Yesterday after your encouragement (if not aid and abet), there was left some impulse on which I thoughtlessly phoned my grandpa, the one of my most intimate relatives. My grandpa was exhilarated on hearing that I was motivated by someone who appeared to have affecting power on me, and he got even more confidence in me than I had in myself. Last night I was slightly insomnia, feeling both ignited and helpless. I was guessing that I was feeling only either of them.

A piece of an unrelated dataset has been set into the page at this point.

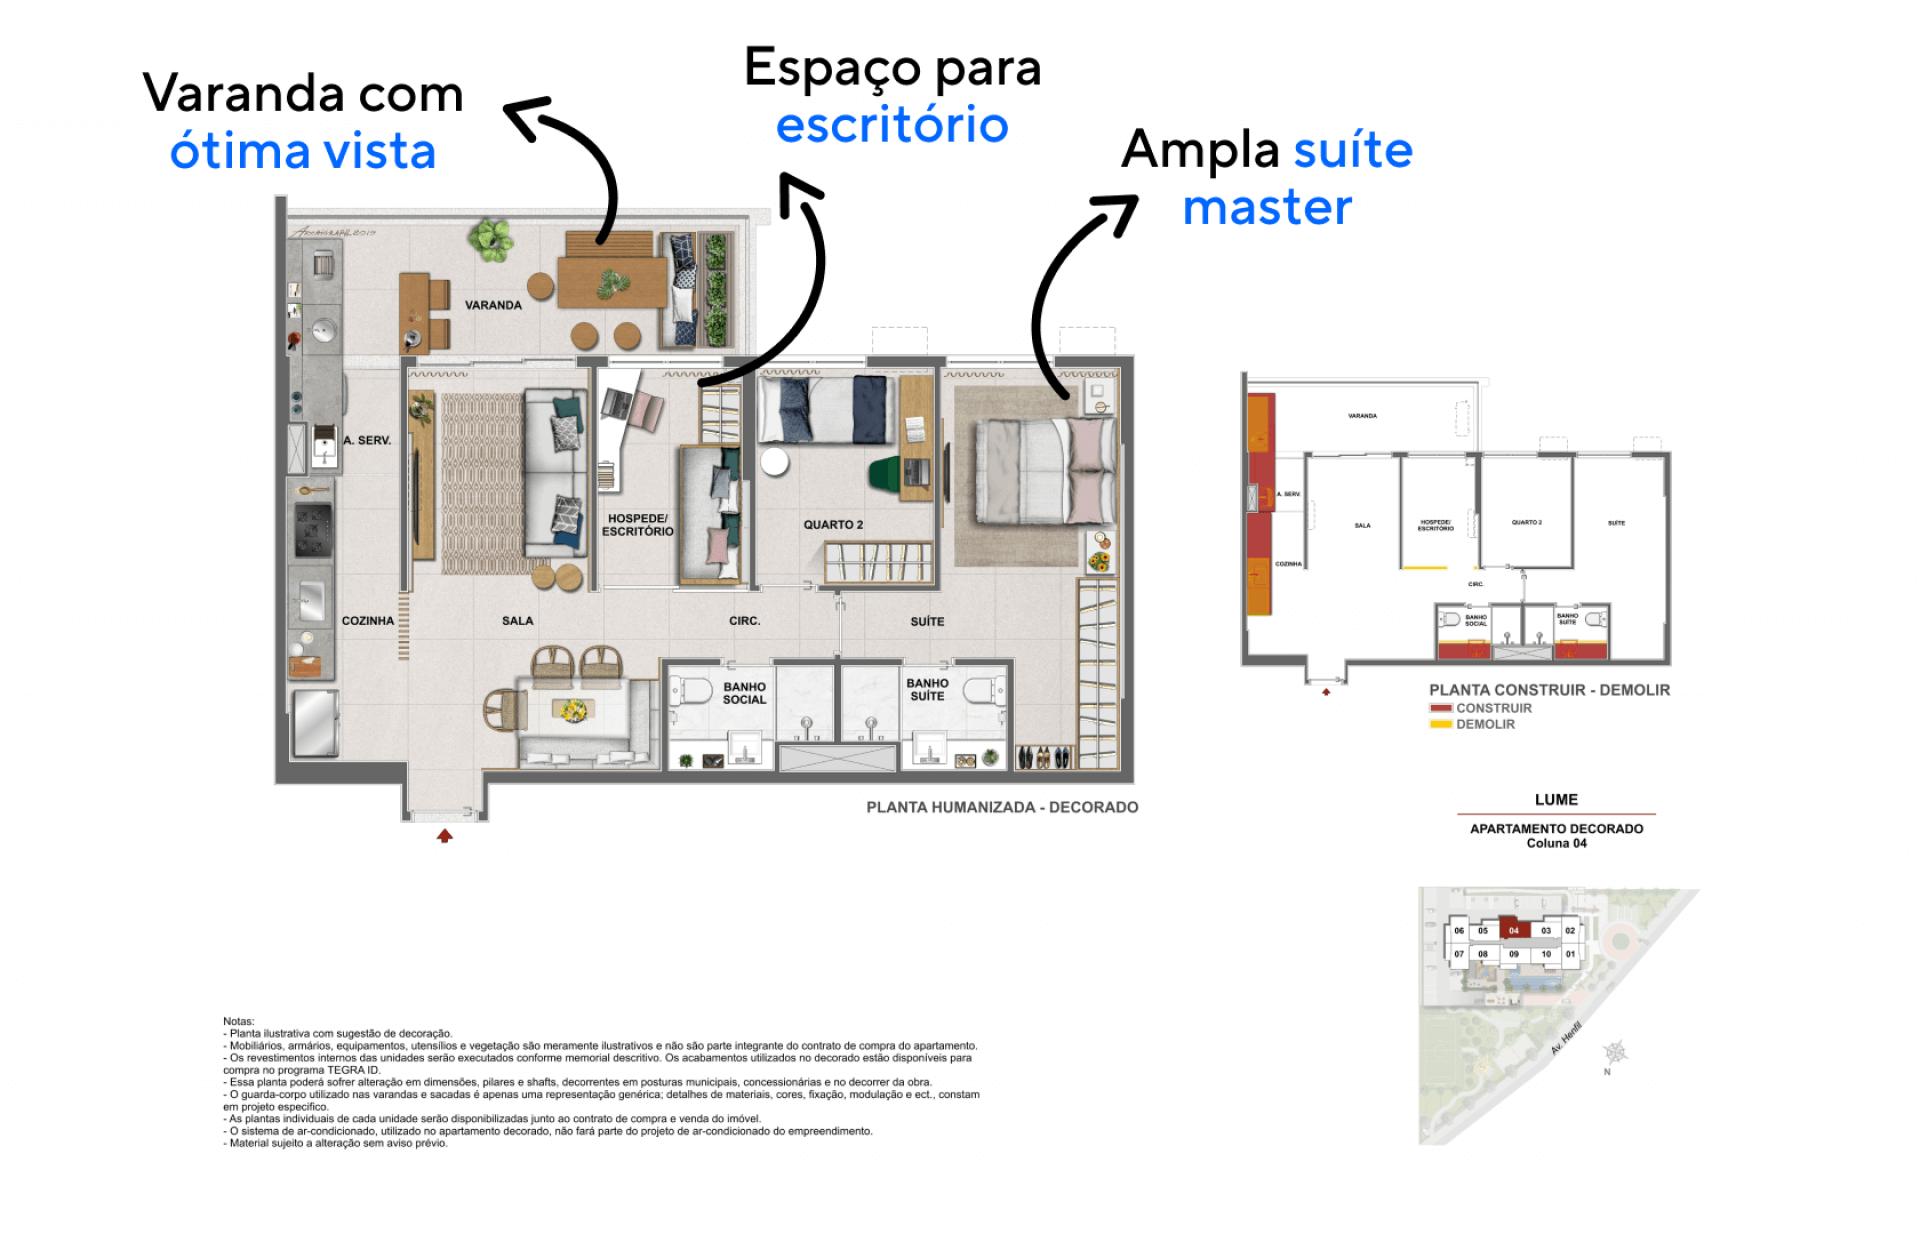 3 QUARTOS, SENDO 1 SUÍTE. Apartamento com possibilidade de escritório, um espaço multifuncional que também pode funcionar como quarto de hóspedes.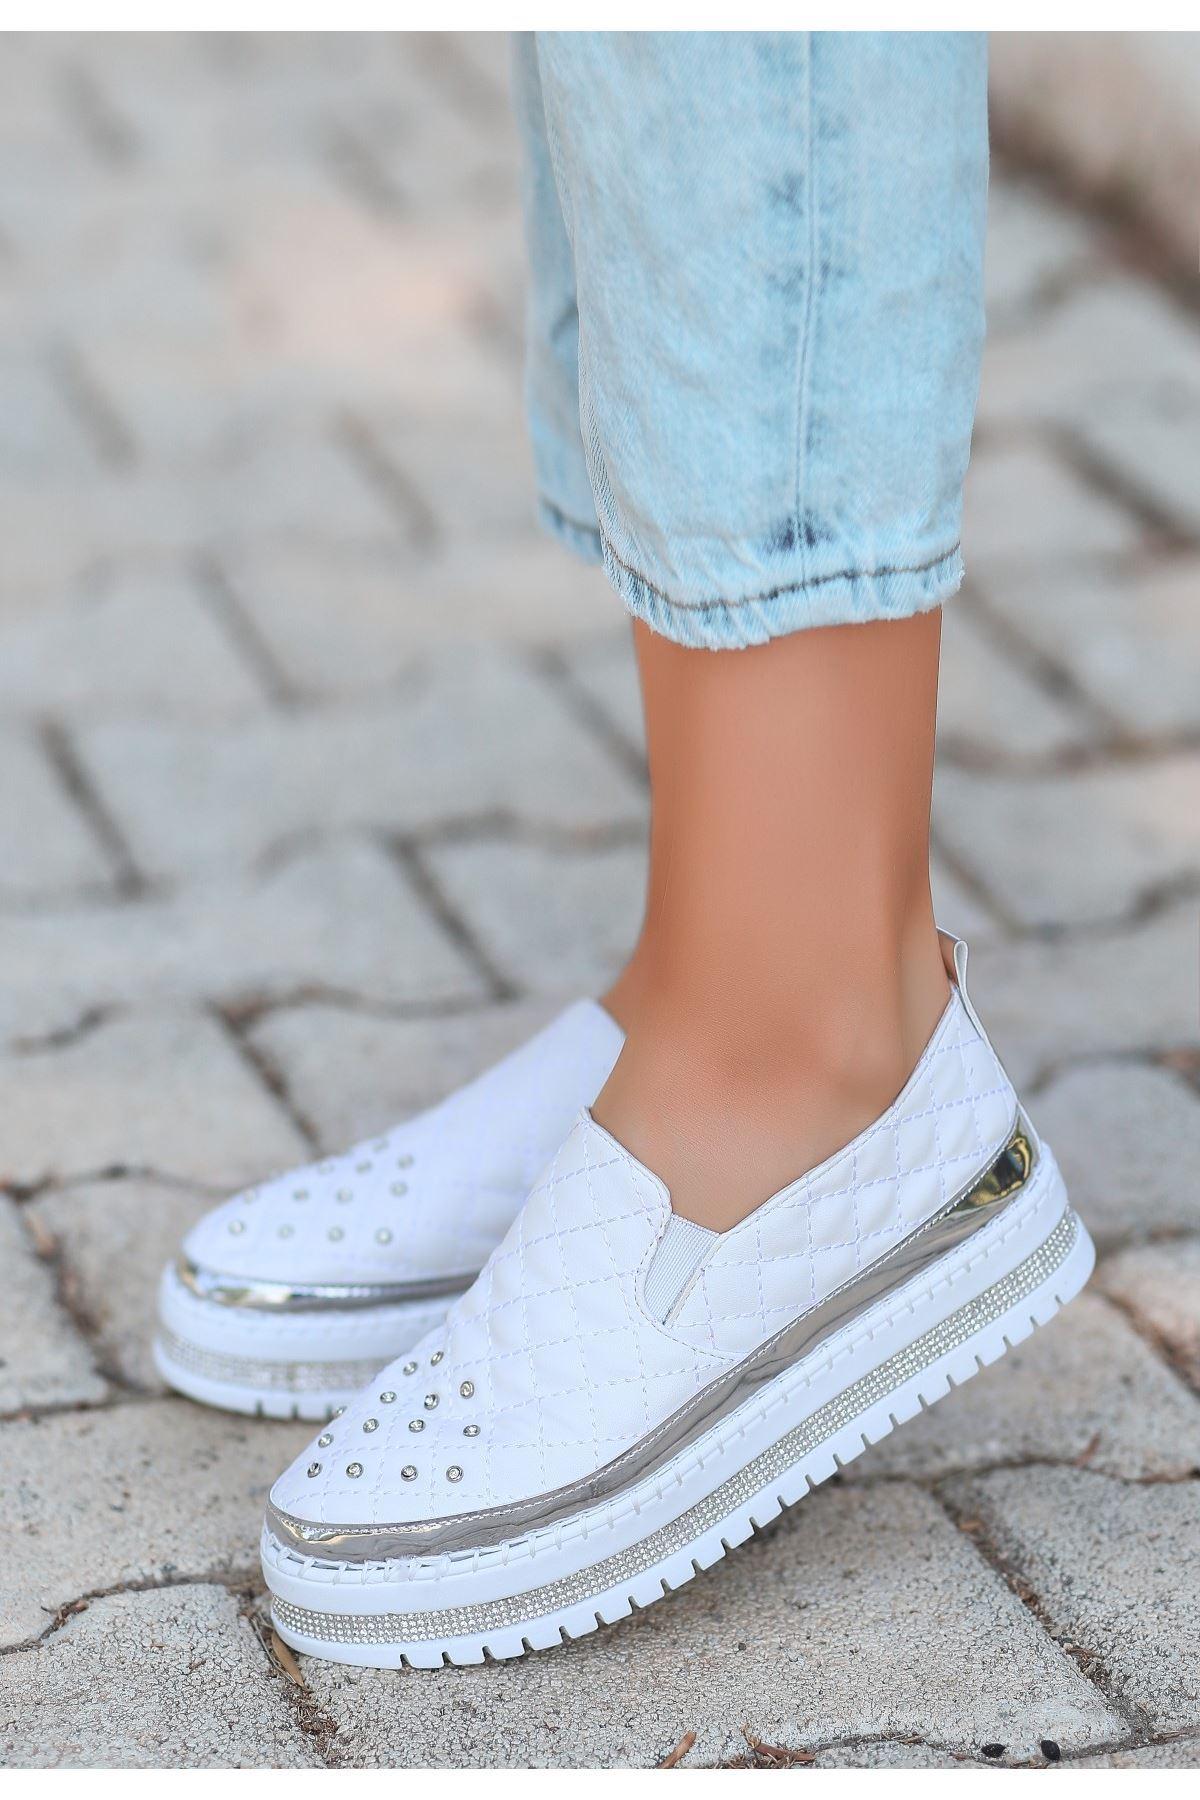 Lais Beyaz Cilt Taşlı Spor Ayakkabı

昨日里受了你的鼓励以后(若不算是教唆),余下些许冲动,借其兴头我想也未想就给我爷爷通话过去。我爷爷是我最亲密的亲人之一。当他听说我被一个看起来对我有打动力的人激发了斗志的时候,他一阵大喜。他从我身上得到的自信甚至比我自己从自己身上得到的还要多。昨晚我有些轻微的失眠,既感到激情被点燃,又感到很无助。我在想我所感觉到的只有那两者之一。
Today it has proved what had been going on in my mind last night. When I set out to strive, regardless of what I begin with, I would feel there are more things to do, and more plans to be set, than what I am actually doing and planning. What matters most is that the requirements and restrictions on me bacome infinite, since I don't know to what a degree could my performance be satisfactory, not to mention perfect. After all, a man has to be honest, and responsible to tell the truth. Undoubtedly, the truth is that I am lazybones through and through, worthy of no graces but only freedom.
今天正是能够证明我昨晚一直在想什么的时候。当我开始要奋斗,不管我从什么事情开始,我都会感到有更多的事情要做,还有更多的计划要拟定,比我真正在做和在拟定的都要多。最重要的是,那些落在我身上的要求和约束变得无限之多,因为我都不知道我的表现在什么程度上才算令人满意,更不用说完美。话说回来,一个人要诚实,要负责任地讲实话。毫无疑问地说,事实就是我是个彻头彻尾的懒虫,不值一点光彩,只配拥有自由。